Ask any data scientists, developer, or analyst and they'll tell you that they spend more time than they'd care to admit cleaning, parsing, and formatting data to suit their needs. This very process is the root of countless hours of lost productivity, frustrating bugs in code, and incomplete or sloppy analysis. This book attempts to arm the reader with a set of tools and a mindset by which the reader can successfully clean data and display it in compelling ways. For me it's been the most valuable technical literature I've dedicated time to in quite awhile.
But enough with the rhetoric, what should you know before thinking about purchasing this book? I'll focus on what I thought were the key skills to be gained from the book and also some things you should be aware of prior to investing your time and money.
Key Takeaways:
1 - You will learn to seamlessly convert common file types like CSV, TSV, JSON, and HTML into MySQL tables and vice versa. There are many subtleties I wasn't even aware of - for example, using the correct data types when cleaning data with tools like MS Excel. These subtleties, if not handled correctly can cause major headaches down the road.
2 - You'll learn to scrape and clean data using Python and PHP. Python is one of the go-to data science and visualization languages and is a personal favorite tool of mine.
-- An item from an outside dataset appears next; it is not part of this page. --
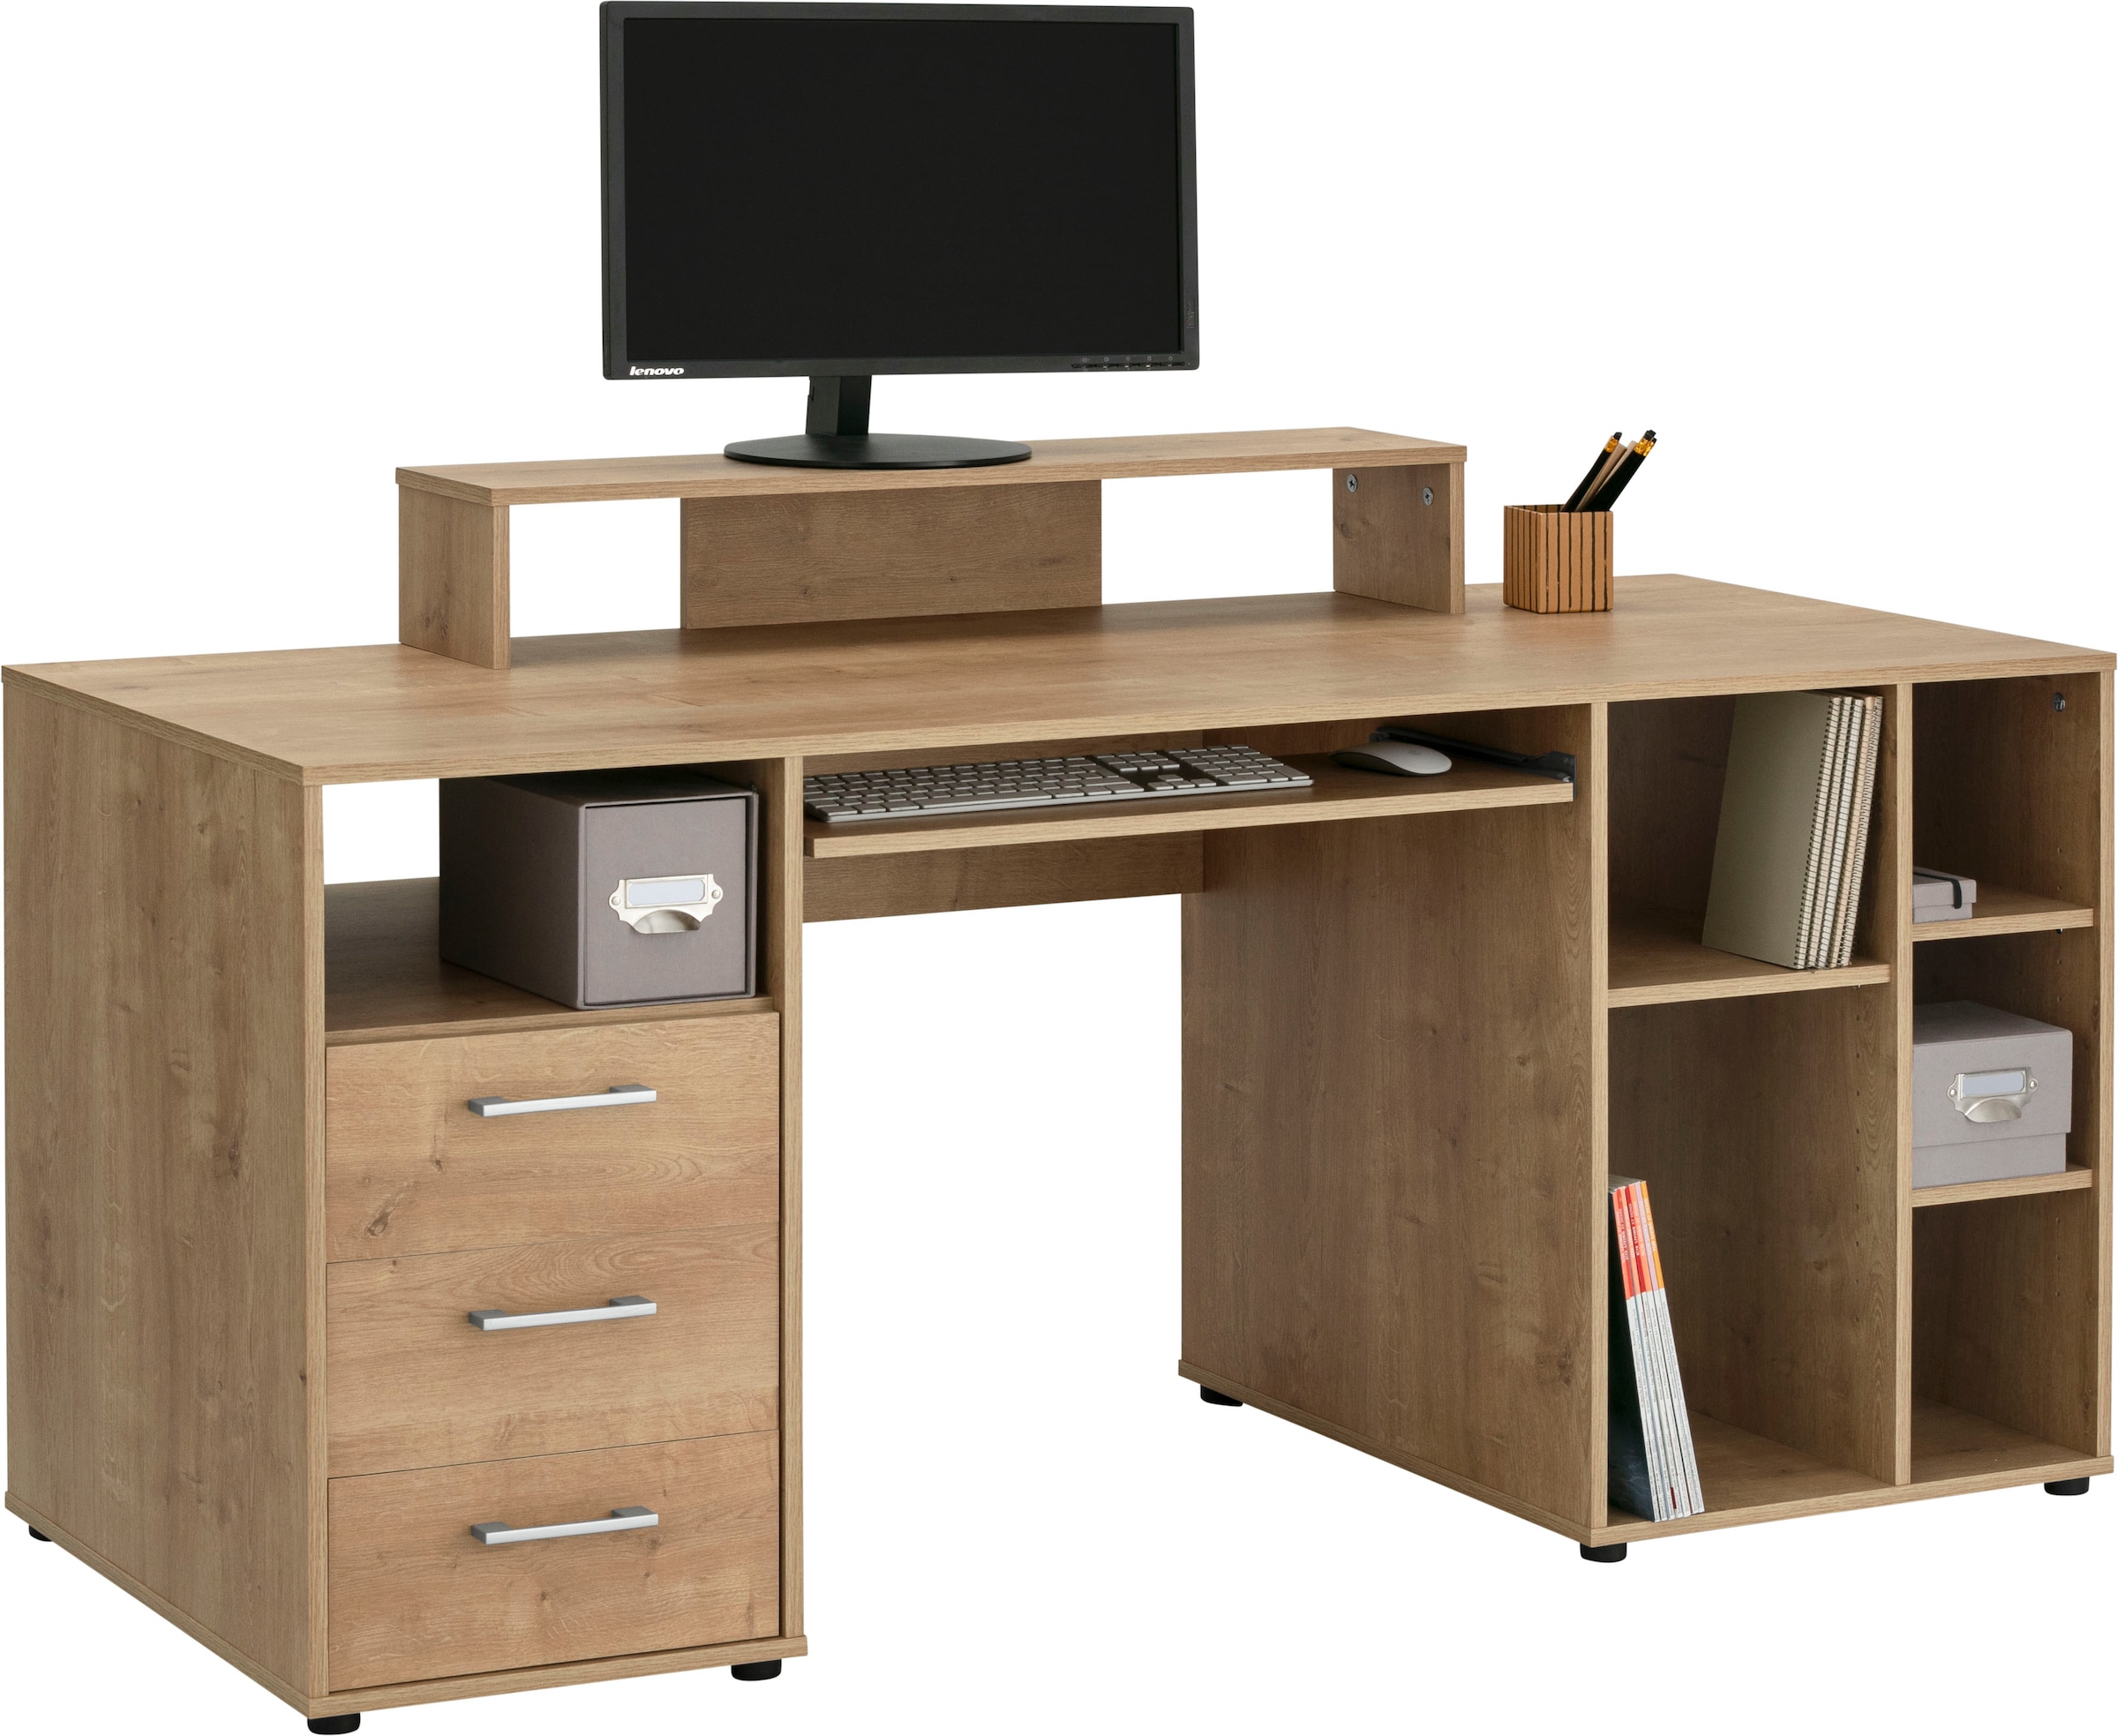 VOGL Möbelfabrik Schreibtisch »Lenny« kaufen bei OTTO

While PHP may not be a great choice for data science, it is refreshingly easy to use in conjunction with MySQL and doesn't require nearly as much boiler plate code as other languages. Those of you familiar with JDBC know just how annoying some languages make working with SQL.
3 - You'll learn to automate daily workflow items. The amount of data contained in PDFs, text files, and spreadsheets is enormous and can be difficult to parse. Often times, companies will resort to hiring more people or implementing increasingly complicated processes to store and communicate that data - this book will teach you how to automate those types of tasks and make life easier for yourself and your colleagues.
4 - This book will teach you to visualize the data you've cleaned using d3.js - a very powerful visualization library used by companies like the New York Times. Programmatic data visualization is a difficult task and it's very difficult to figure out all the nuts and bolts by yourself. It was enormously beneficial to have Dr. Squire's help in class working out the details of a tricky visualization problem, and she's done a great job of communicating that knowledge in this book.
Some things to consider before purchasing:
1 - If you're looking for a cookbook for a specific language this book may not be for you. While Dr. Squire includes numerous working code examples, it's my understanding that she's trying to impart knowledge of the fundamentals and thought process of cleaning data.
2 - If you've yet to learn fundamentals of programming, this book will not spend much time teaching you fundamentals of programming - after all, it's not intended to. If you are a beginner looking to become a data scientist, I would start with some books that go over programming fundamentals like data structures, objects, classes, function, etc.